Frankly this is a non-trivial question.
Just to list some obvious options:
- Implement one of the numerous character recognition softwares, and
get the string of characters, and then do a search for the substring
in another string.
- For images with almost no difference in zoom
level, Use edge detection filters, like canny edge detection, to
enhance the image, then use ICP (Iterative Closest Point), letting
each edge pixel provide a vector to the closest edge pixel in the
other image, with a similar value. this typically aligns images if
they are similar enough. The final score tells you how similar they
are.
- For very large zoom levels, use multiple rotation and zoom
hypothesis, and for each, scale the images and do cross correlation
of the two images. select the hypothesis, that provides the
coordinates with the best correlation, and use the point of
correlation, as the x and y offset. The value of the correlation
tells you how good a fit you have..
many other smarter algorithms have been produced for image fitting. However, you have much larger problems.
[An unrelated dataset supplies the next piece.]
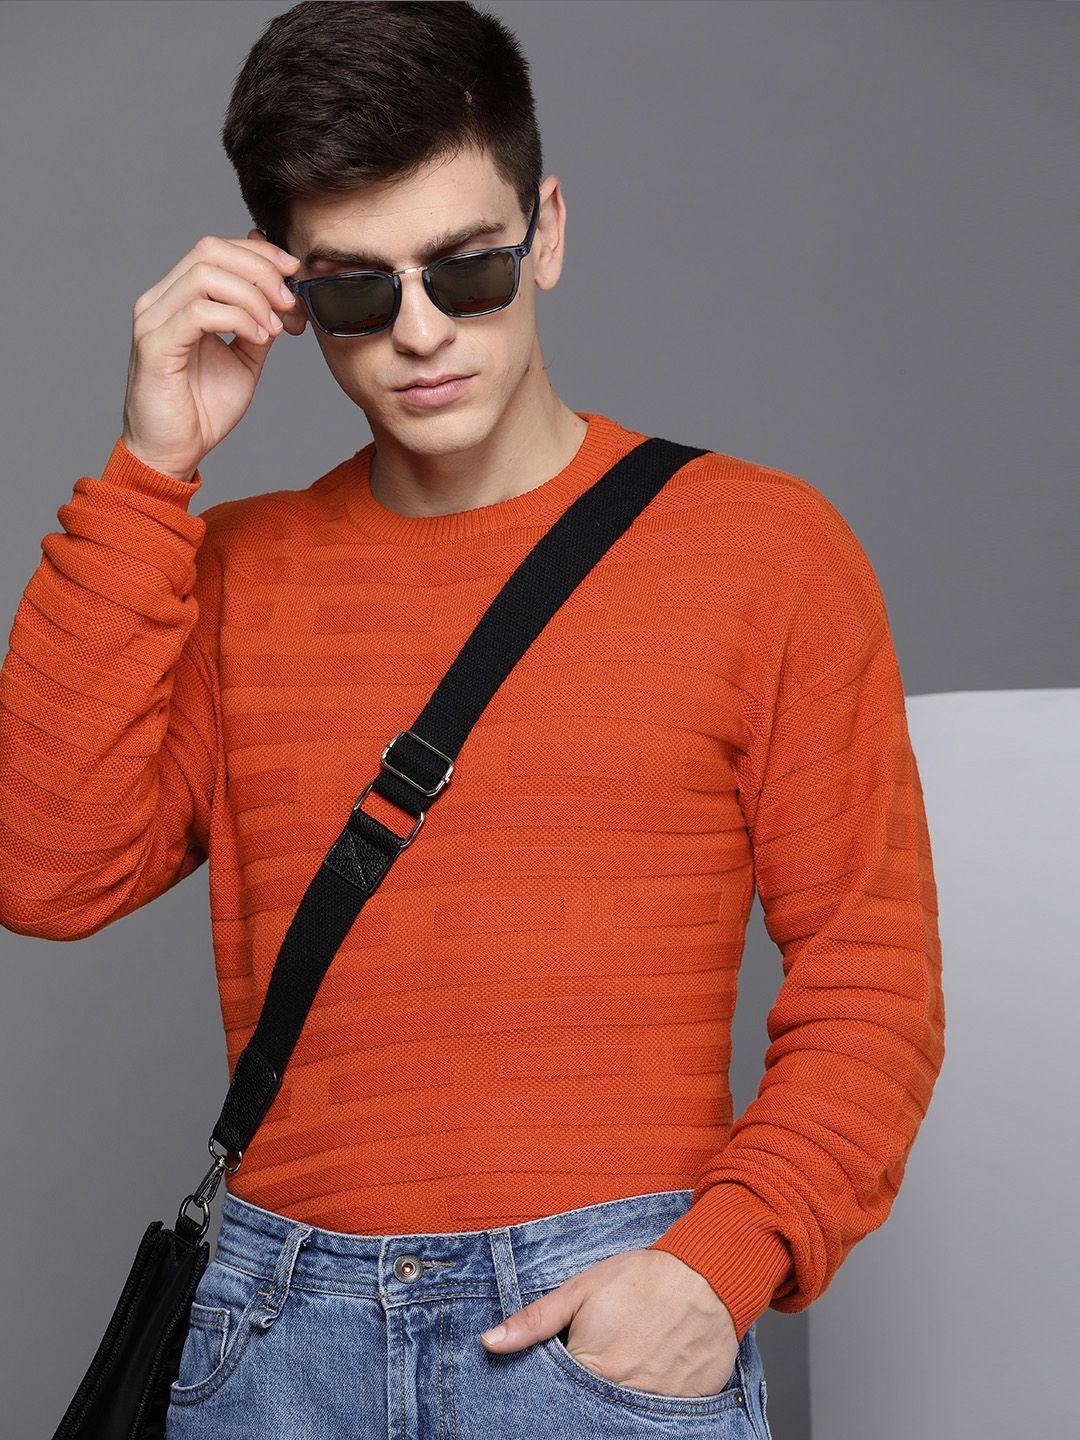 kenneth-cole-men-orange-self-design-pure-cotton-open-knit-pullover-sweater

The two example images you provide does not show the entire licenseplate, so you will not be able to say anything better than, "the probabillity of a match is larger than zero", as the number of visible characters increase, so does the probabillity of a match.
you could argue that small damages to a license plate also increases the probabillity, in that case cross correlation or similar method is needed to evaluate the probabillity of a match.